A frame object detection, such as the YOLO (You only look once), is used in embedded vision systems, such as a robot, an automobile, a security camera, and a drone. However, it requires highly performance-per-power detection by an inexpensive device. In the paper, we propose a tri-state weight CNN, which is a generalization of a low-precision and sparse (pruning) for CNN weight. In the former part, we set a weight {-1,0,+1} as a ternary CNN, while in the latter part, we set a {-w,0,+w} as a sparse weight CNN. The proposed tri-state CNN is a kind of a mixed-precision one, which is suitable for an object detector consisting of a bounding box prediction (regression) and a class estimation (classification). We apply an indirect memory access architecture to skip zero part and propose the weight parallel 2D convolutional circuit. It can efficiently be applied to the AlexNet based CNN, which has different size kernels. We design the AlexNet based YOLOv2 to reduce the number of layers toward low-latency computation.
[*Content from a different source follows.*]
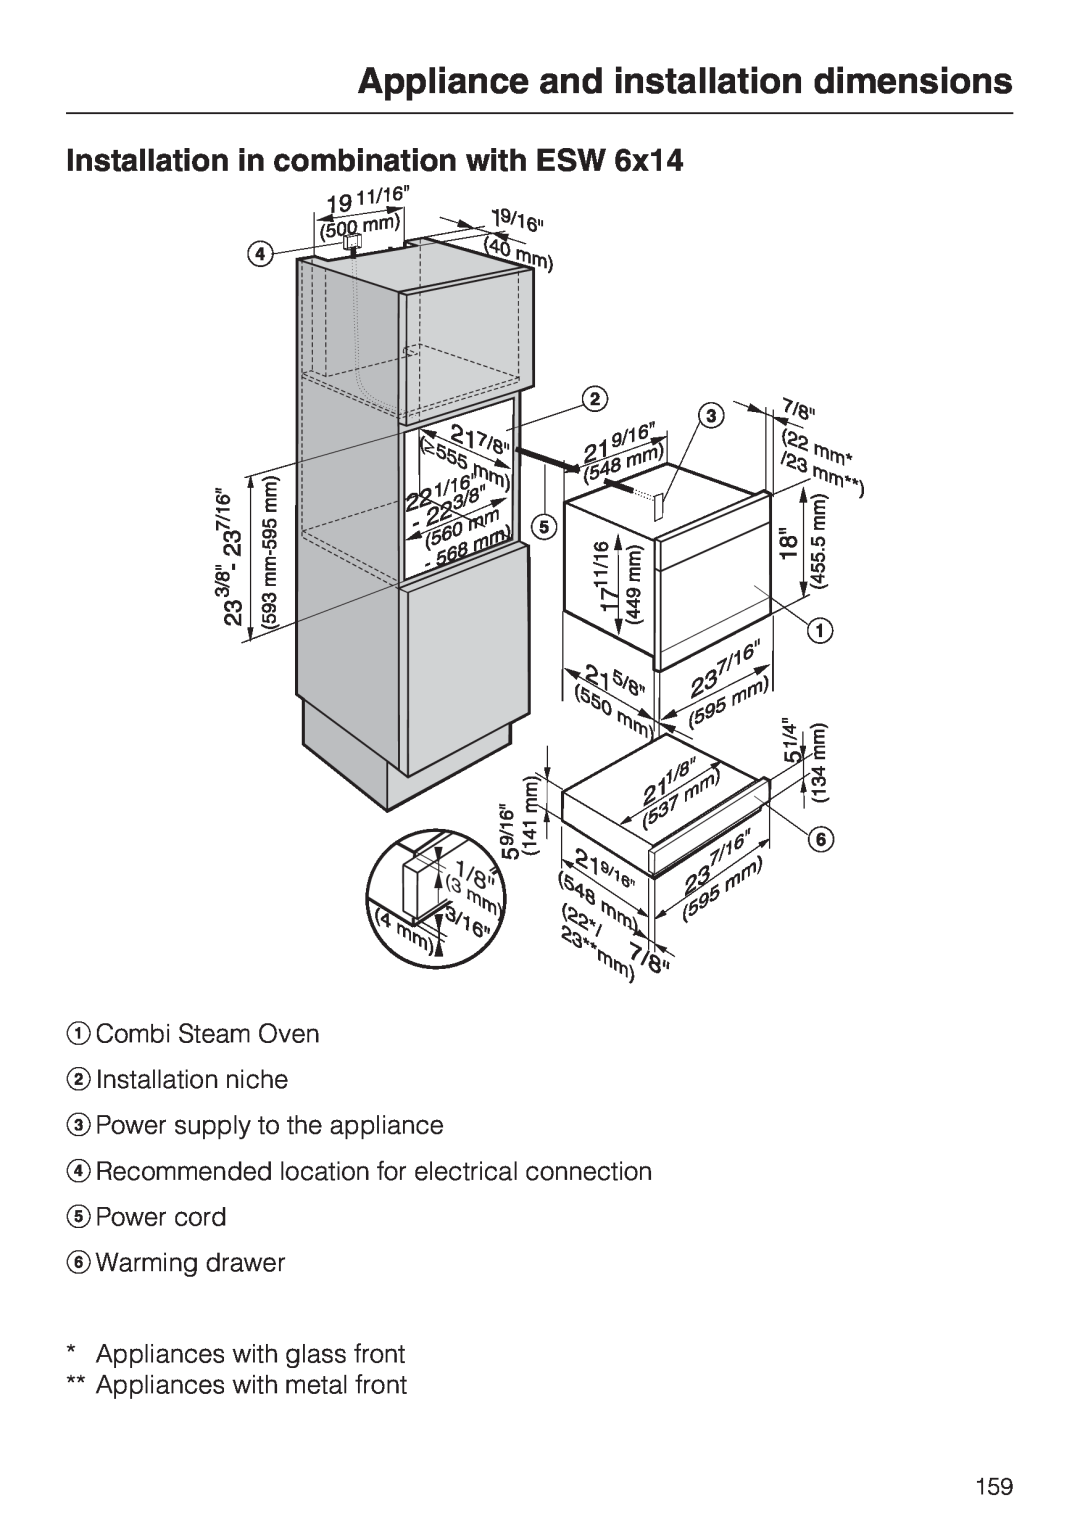 Miele 09 855 050 Installation in combination with ESW, Appliance and installation dimensions, Power cord Warming drawer

In the experiment, the proposed tri-state scheme CNN reduces the memory size for weight by 92%. We implement the proposed tri-state weight YOLOv2 on the AvNet Inc. UltraZed-EG starter kit, which has the Xilinx Inc. Zynq Ultrascale+ MPSoC ZU3EG. It archived 61.70 frames per second (FPS), which exceeds the standard video frame rate (29.97 FPS). Compared with the ARM Cortex-A57, it was 268.2 times faster, and its performance per power efficiency was 313.51 times better. Also, compared with the NVidia Pascal embedded GPU, it was 4.0 times faster, and its power performance efficiency was 11.35 times better.

查看原文本刊更多论文

基于FPGA的三态权重卷积神经网络:应用于YOLOv2目标检测器

框架对象检测，如YOLO(你只看一次)，用于嵌入式视觉系统，如机器人、汽车、安全摄像头和无人机。然而，它需要通过廉价的设备进行高性能/功率检测。在本文中，我们提出了一种三状态加权CNN，它是对CNN权值的低精度和稀疏(修剪)的推广。在前一部分中，我们将权值{-1,0，+1}设置为三元CNN，在后一部分中，我们将权值{-w,0，+w}设置为稀疏权值CNN。本文提出的三态CNN是一种混合精度CNN，适用于由边界盒预测(回归)和类估计(分类)组成的目标检测器。我们采用一种间接存储器访问架构来跳过零部分，并提出了权重并行二维卷积电路。它可以有效地应用于基于AlexNet的具有不同大小内核的CNN。我们设计了基于AlexNet的YOLOv2，以减少层数，实现低延迟计算。在实验中，提出的三态方案CNN将权重的内存大小减少了92%。我们在AvNet Inc.上实现了所提出的三状态权重YOLOv2。UltraZed-EG入门套件，有Xilinx Inc.。Zynq Ultrascale+ MPSoC ZU3EG。每秒存档61.70帧(FPS)，超过了标准视频帧率(29.97 FPS)。与ARM Cortex-A57相比，它的速度快了268.2倍，单位功率效率提高了313.51倍。与NVidia Pascal嵌入式GPU相比，速度提升4.0倍，功耗效率提升11.35倍。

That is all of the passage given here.